-
Notifications
You must be signed in to change notification settings - Fork 105
Description
Describe the bug, including details regarding any error messages, version, and platform.
github.com/apache/arrow-go/v18: v18.5.1
I'm using arrow-go to write arrow parquet files and using WriteBuffered to periodically flush record batches buffered in memory to disk every 10 seconds. It generally works fine but sometimes I get an error on WriteBuffered like this:
unknown error type: interface conversion: interface is nil, not encoding.Encoder[int64]
or
unknown error type: interface conversion: interface is nil, not encoding.Encoder[github.com/apache/arrow-go/v18/parquet.ByteArray]
I tried dumping the record batch on which the WriteBuffered fails to disk as json and the rows all look complete and correct.
While I don't have an easy reproducible test because I can't find the trigger for the issue, the parquet writer is created like this:
fileWriter, err := pqarrow.NewFileWriter(schema.arrowSchema, file, parquet.NewWriterProperties(parquet.WithAllocator(memory.DefaultAllocator)), pqarrow.DefaultWriterProps())
...And then we call something like this every 10 seconds:
...
builder := array.NewRecordBuilder(memory.DefaultAllocator, schema.arrowSchema)
defer builder.Release()
arrowBuilder := newArrowBuilder(schema.arrowSchema, builder)
for _, op := range toWrite {
aErr = op.appendArrowRecord(arrowBuilder)
if aErr != nil {
aErr = ingestion.NewIrrecoverableError(fmt.Errorf("failed to append arrow record for write operation %s: %w", op.key.String(), aErr), "arrow_transformation_failure")
return aErr
}
}
// Create a new record batch from the buffer we just filled
batch := builder.NewRecordBatch()
defer batch.Release()
aErr = activeBuffer.fileWriter.WriteBuffered(batch)
if aErr != nil {
// Dump a json representation of the batch in blob storage for inspection/troubleshooting
jsonFileLocation, err := dumpBatchJSON(activeBuffer.fs, activeBuffer.locationProvider, batch)
if err != nil {
jsonFileLocation = "unavailable_failure_to_dump_batch"
}
aErr = fmt.Errorf("failed to write batch to parquet file, see json dump at '%s' for troubleshooting: %w", jsonFileLocation, aErr)
return aErr
}
...
That code obviously doesn't compile but it's a decent representation of how we use the APIs. I initially suspected we were misusing arrow-go/pqarrow but the fact that this isn't deterministic given the same data makes me think that there might be a bug.

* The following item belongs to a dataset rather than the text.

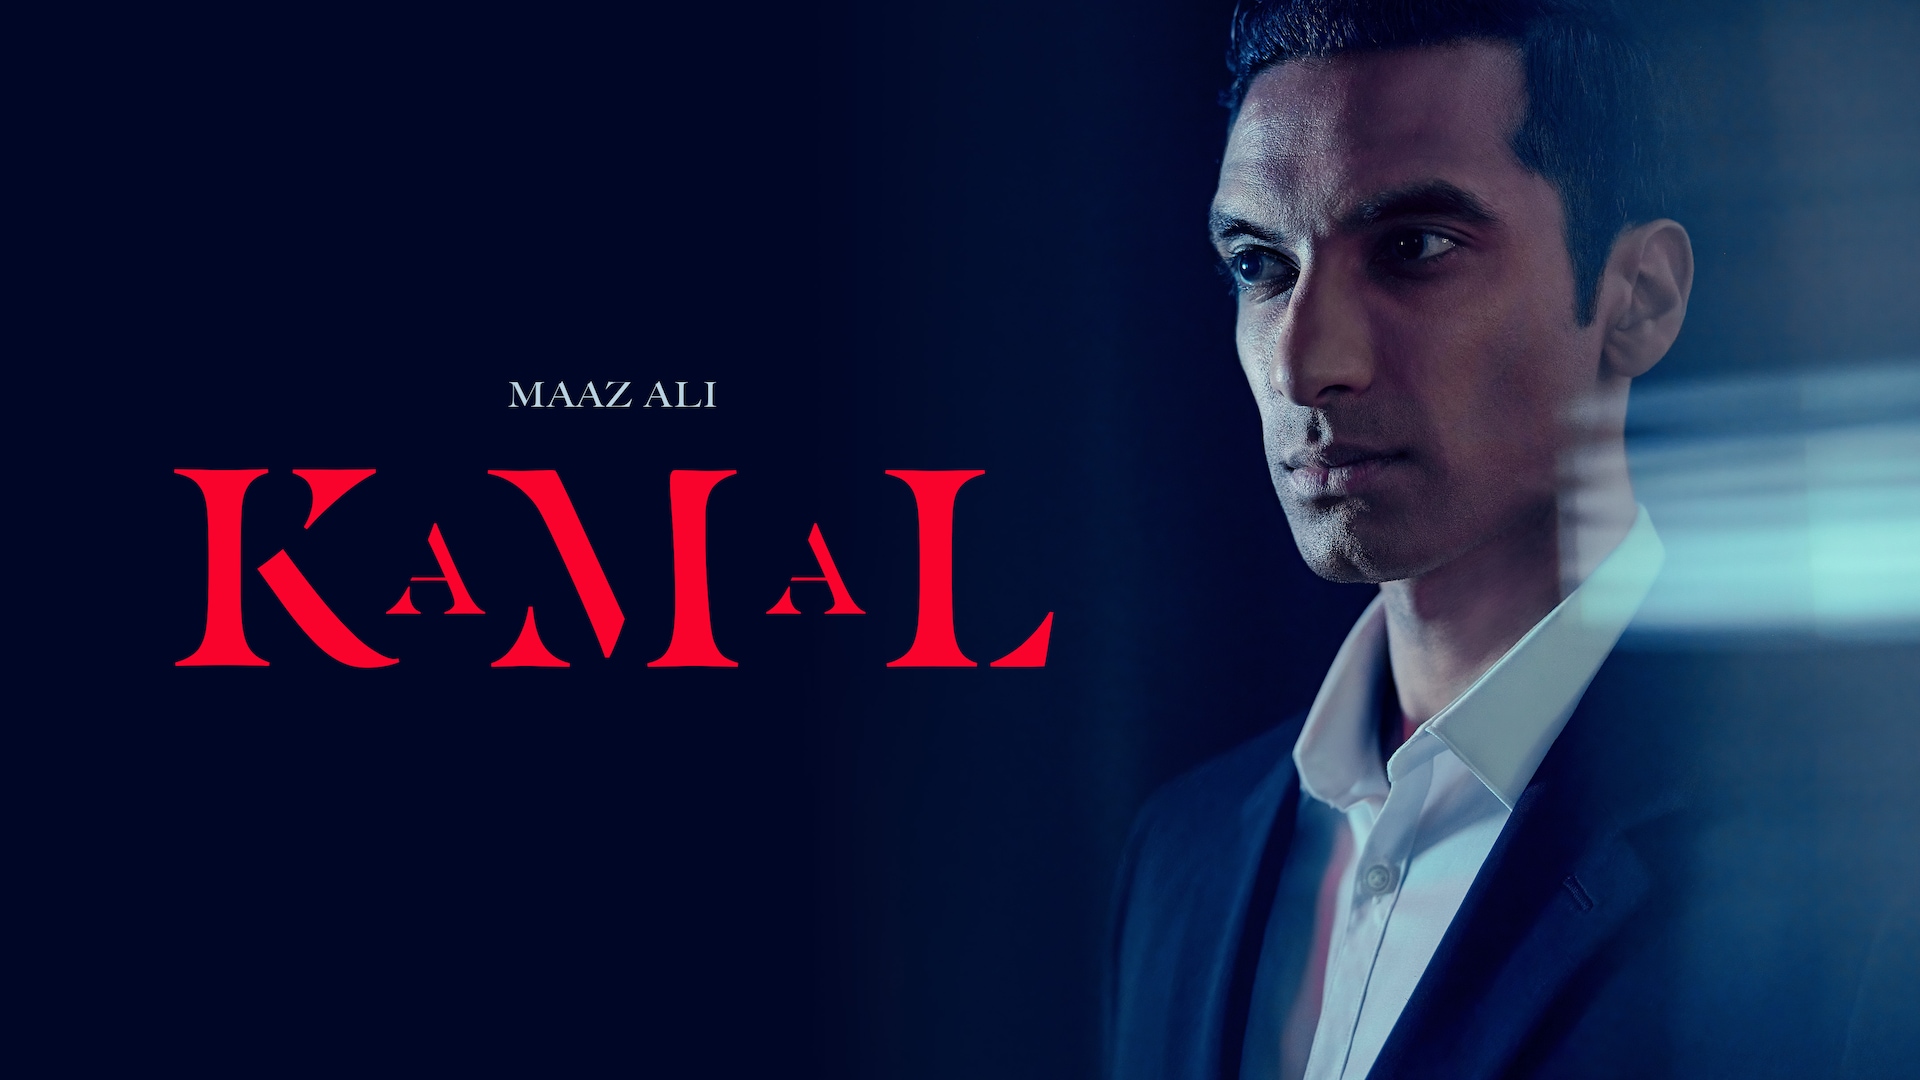 Maaz Ali headshot wearing a white shirt and suit jacket standing in a dark setting for AHS: Delicate

I will also add that the failure on WriteBuffered seems to leave the file writer in an inconsistent state as I also see occasional failures on Close() like the one below and they seem to correlate with failures on WriteBuffered that happened prior to that file being closed:
row mismatch for buffered row group: 0, column: 60, count expected: 55000, actual: 54397
Note that I could run with a modified version of arrow-go if there are hypotheses to test. Usually, I can get this error within 30 minutes of startup.
Component(s)
Parquet